### Provided data:

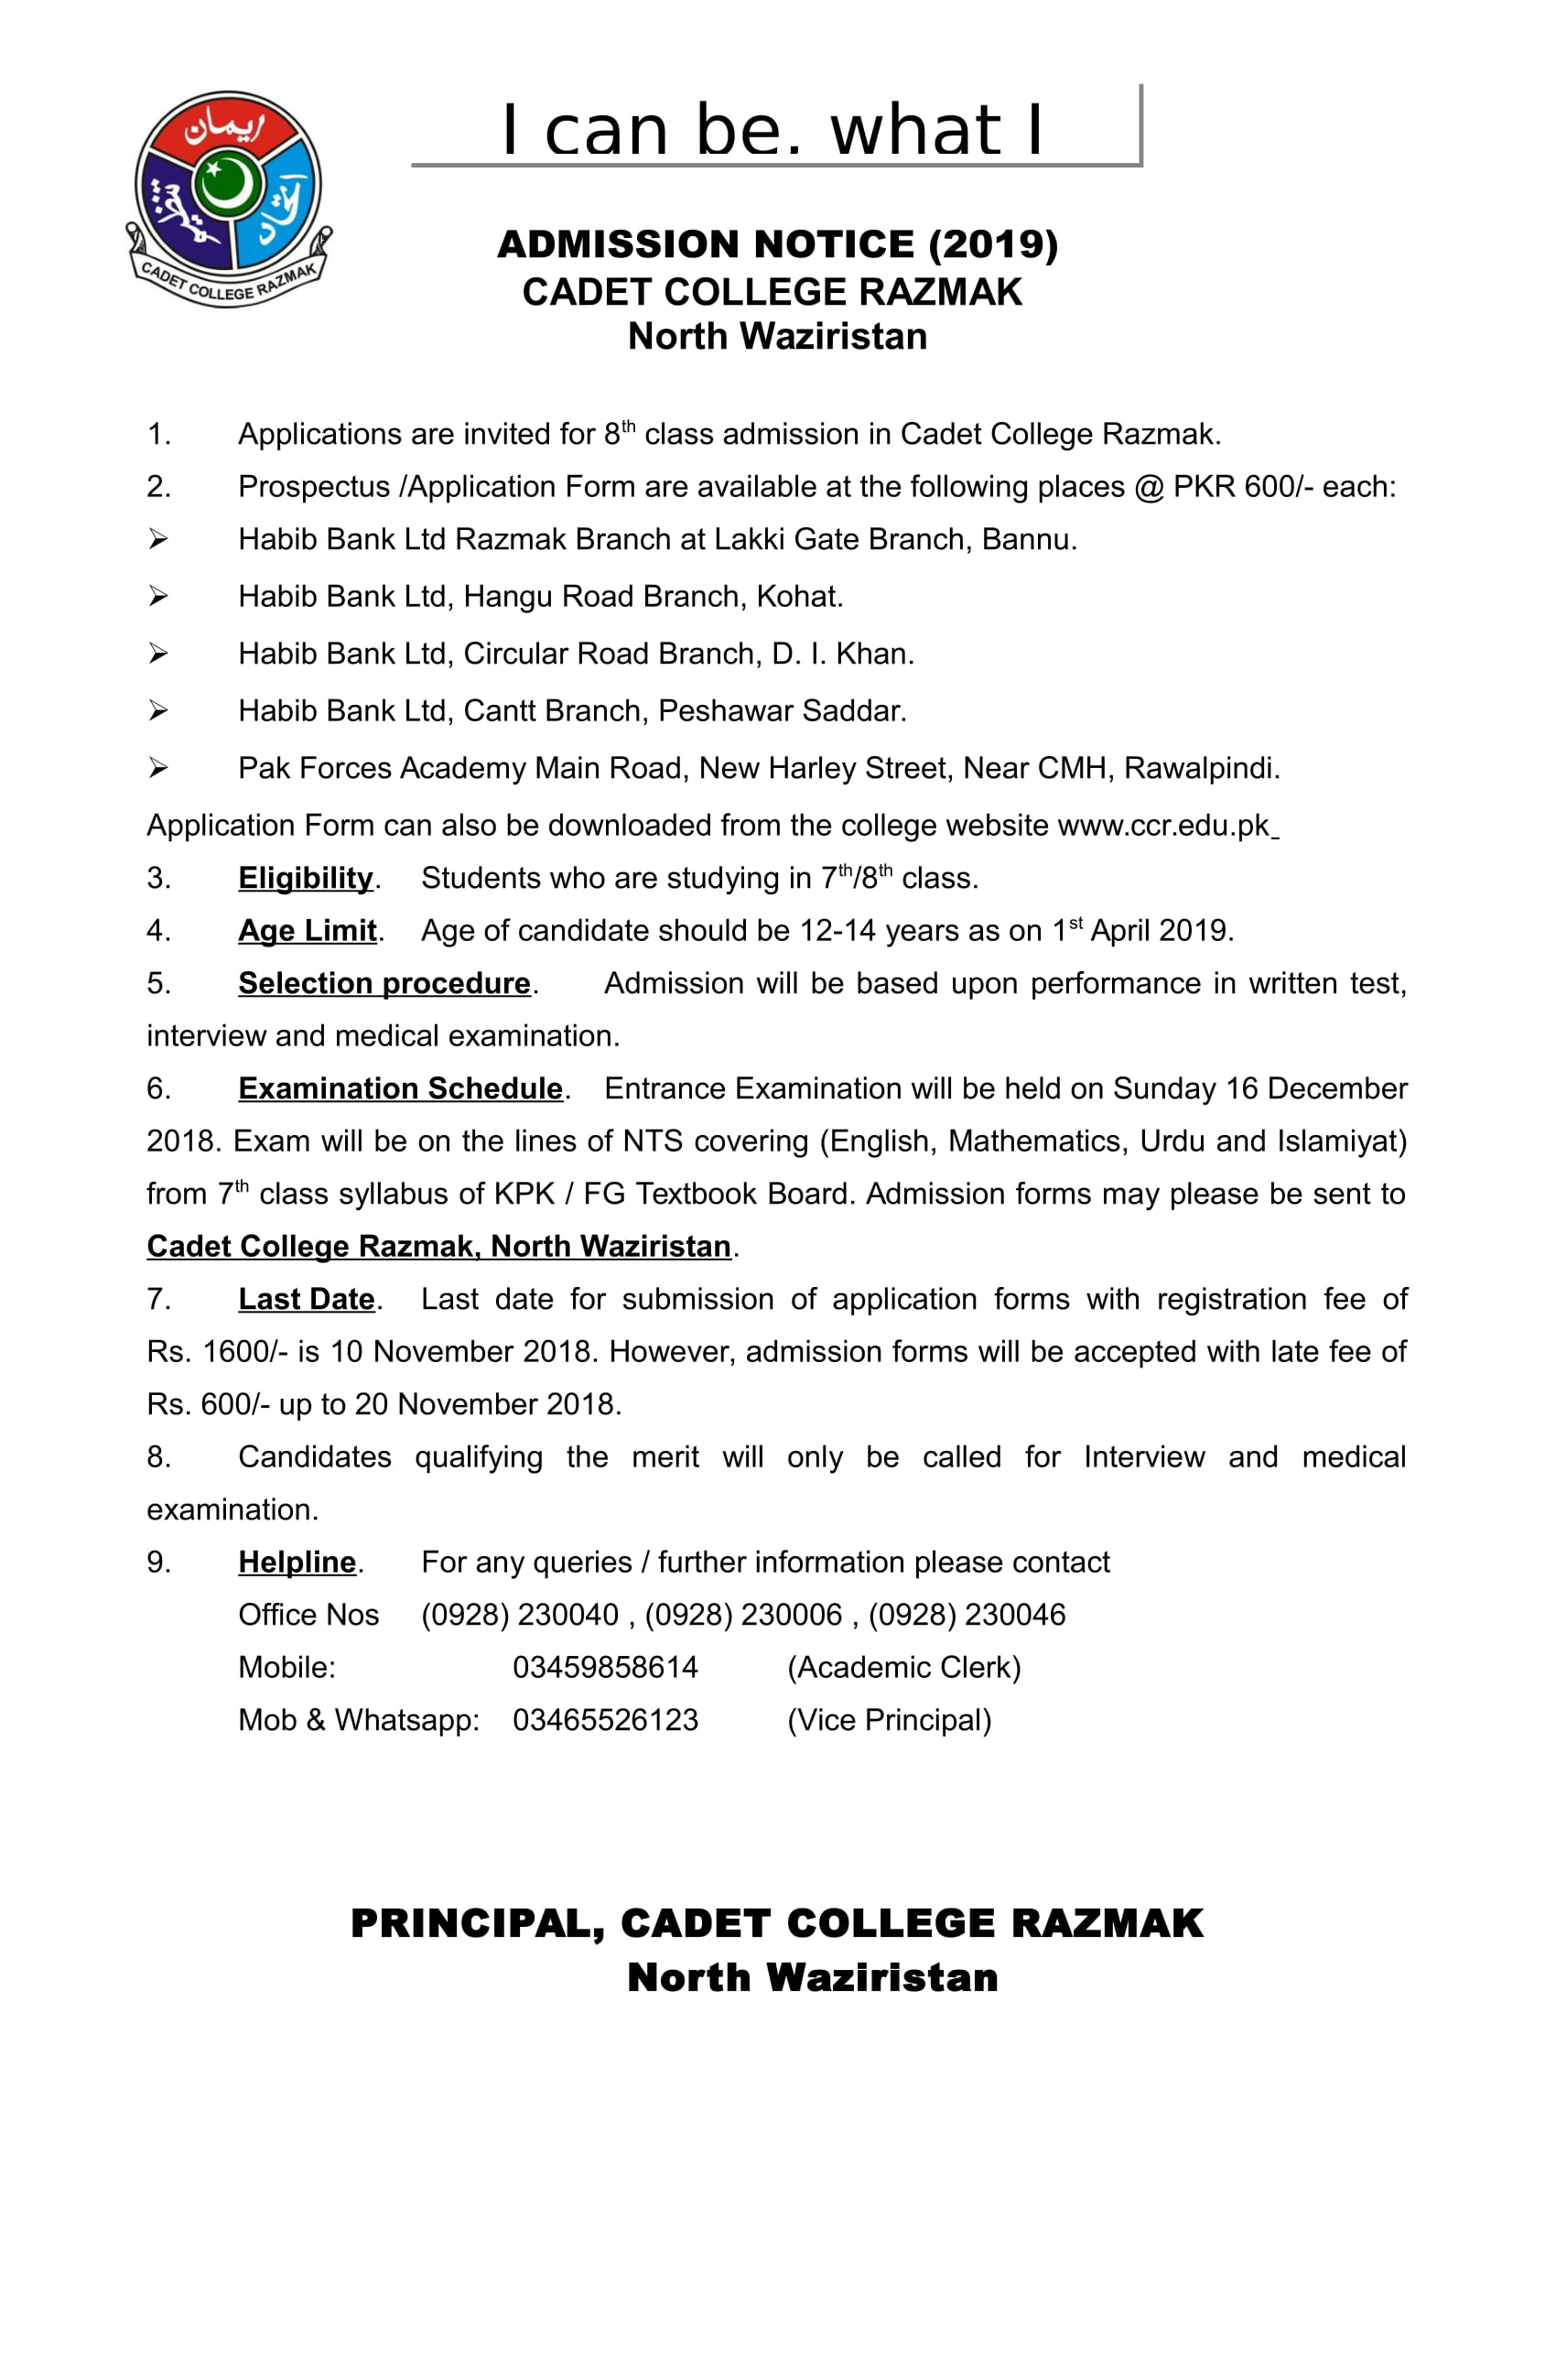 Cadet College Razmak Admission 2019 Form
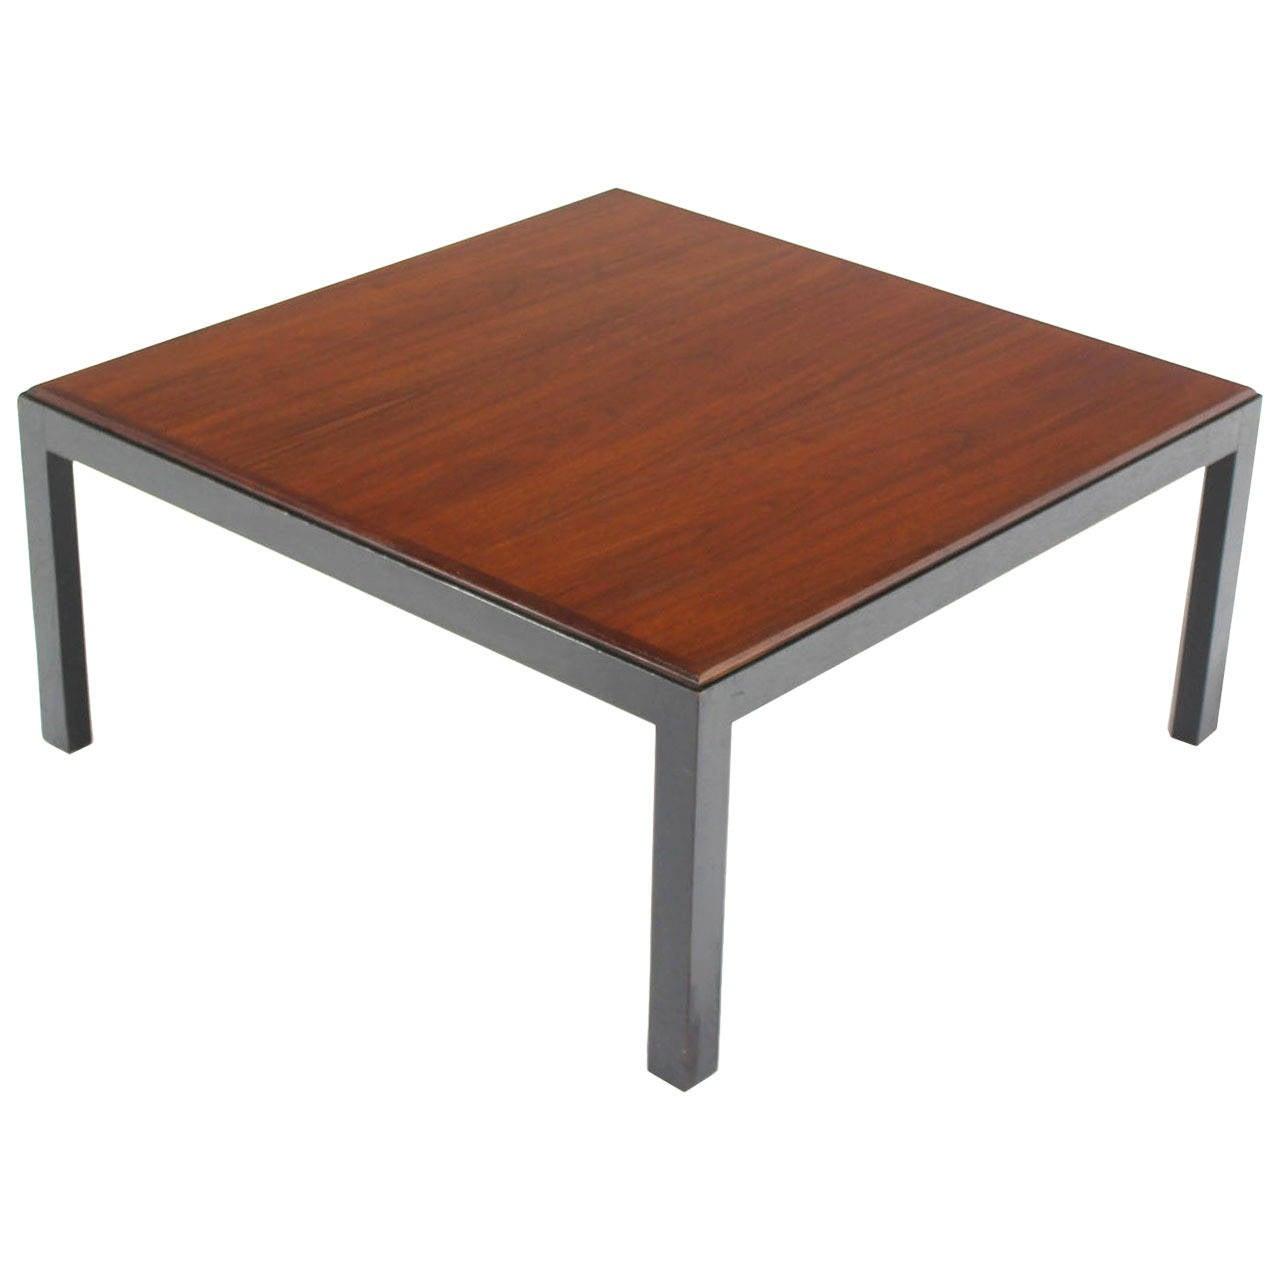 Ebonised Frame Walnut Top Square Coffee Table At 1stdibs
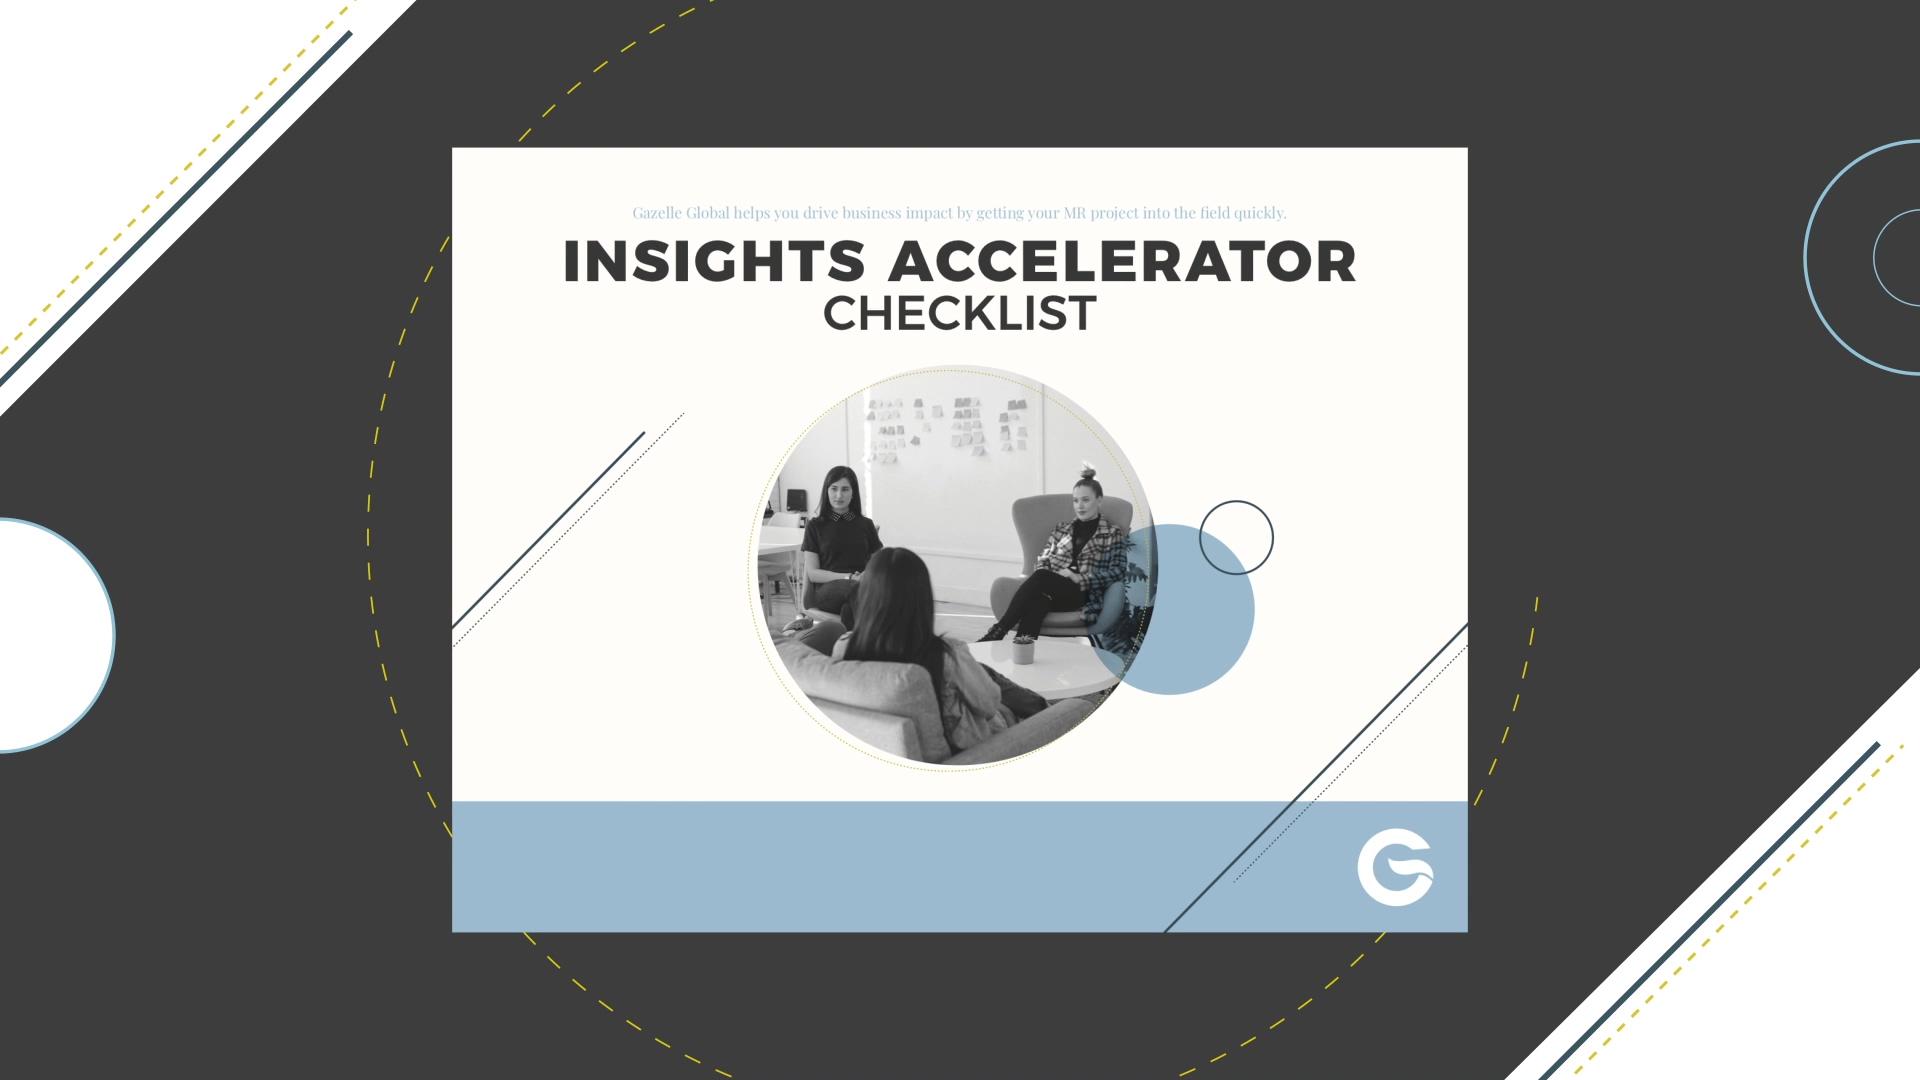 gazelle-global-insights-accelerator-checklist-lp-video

### What this task involves:
From the line containing "Ebonised Frame Walnut" through the final line of the listing, copy every line exactly and nothing else. Skip the pictures.

### Result of the exercise:
 Ebonised Frame Walnut Top Square Coffee Table At 1stdibs
 gazelle-global-insights-accelerator-checklist-lp-video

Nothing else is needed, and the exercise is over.